My experience in this matchup is that Rest In Peace is actually very medium. Against you, they don’t need to actually combo off; they just need to cast Ugin, the Spirit Dragon most of the time. Rest in Peace does nothing to prevent that, but I still bring it in because the cards I am cutting are so bad.

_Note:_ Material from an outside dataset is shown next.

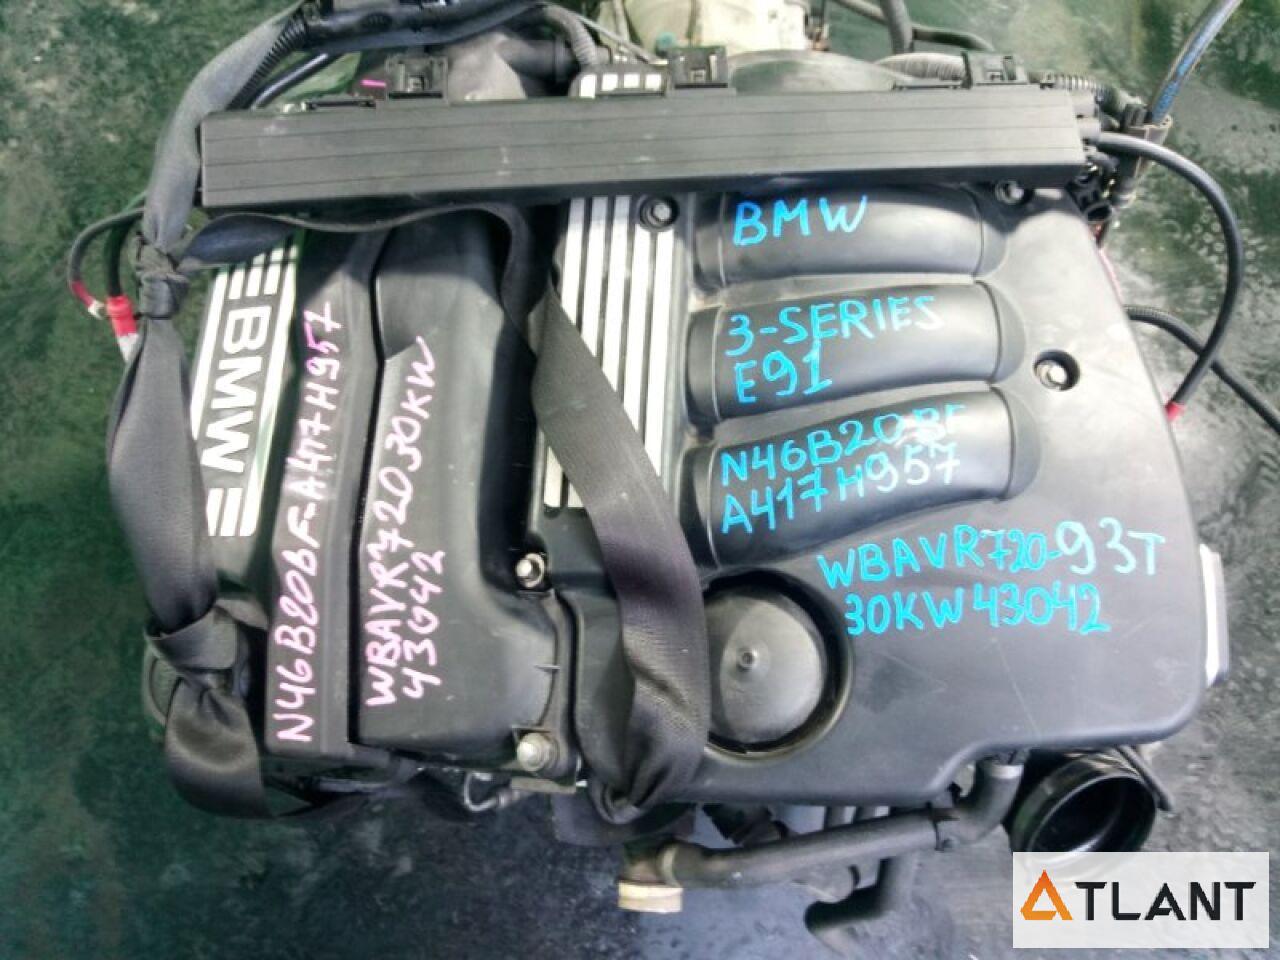 Запчасть Двигатель  BMW 3 SERIES A417H957 Контрактный коса, мозги, А/Т, 2WD, без катализатора, крышка лом, 93 км

You have two basic plans in this matchup: Damping Sphere plus pressure or the Heliod combo. As a result, I do not keep any hand unless it has part of the combo or Damping Sphere. If you do have a Walking Ballista, the right strategy is often to cast it for one immediately, just in case you happen to topdeck Heliod, Sun-Crowned. A Turn 4 kill is usually good enough even in this matchup. You generally want to avoid casting Damping Sphere on Turn 2. Wait until they play a Lotus Field, and then play the Sphere to limit their mana. I have found small number of Baffling End to be surprisingly effective here. Arboreal Grazers and Fae of Wishes can slow your beatdown a lot.

VS Bant Spirits

Out:

Gideon of the Trials Gideon of the Trials Mastery of the Unseen Mastery of the Unseen Mastery of the Unseen

In:

Baffling End Baffling End Stasis Snare Glare of Heresy Glare of Heresy

This matchup can play out in a few different ways. In some games, you will play the control deck, removing their lords and Spell Quellers and then winning with your individually better cards. In others, you will race using Heliod’s lifelink ability and attacks from the God himself. In still others a Nykthos-powered Ballista will end the game singlehandedly. The most important thing to remember in this matchup is that Spell Queller is their only real answer to the combo. If things get bad, just go for it!

VS Sultai Delirium

Out:

Daxos, Blessed By the Sun Daxos, Blessed By the Sun Mastery of the Unseen Mastery of the Unseen Gideon of the Trials Gideon of the Trials

In:

Gideon, Ally of Zendikar Gideon, Ally of Zendikar Baffling End Baffling End Rest in Peace Rest in Peace

Most games you win of this matchup will involve the combo, but it will take a lot of setup to arrange. Rest in Peace will force out a removal spell, so try to get some value off the trigger first. Then, pressure them as much as you can, and go for the combo just before they cast Emrakul, the Promised End. Even if you have Stasis Snare, you will usually die soon after they control your turn. Be aware that if you manage to achieve a three-counter Ballista with two Heliod activations up, you can go off through a single removal spell. That sometimes happens in this matchup.

Mono-White Devotion is not the best deck in Pioneer, but it reasonably well-positioned and fundamentally powerful. If weird combo decks are not your style, try giving eighteen basic Plains a try. You won’t be disappointed.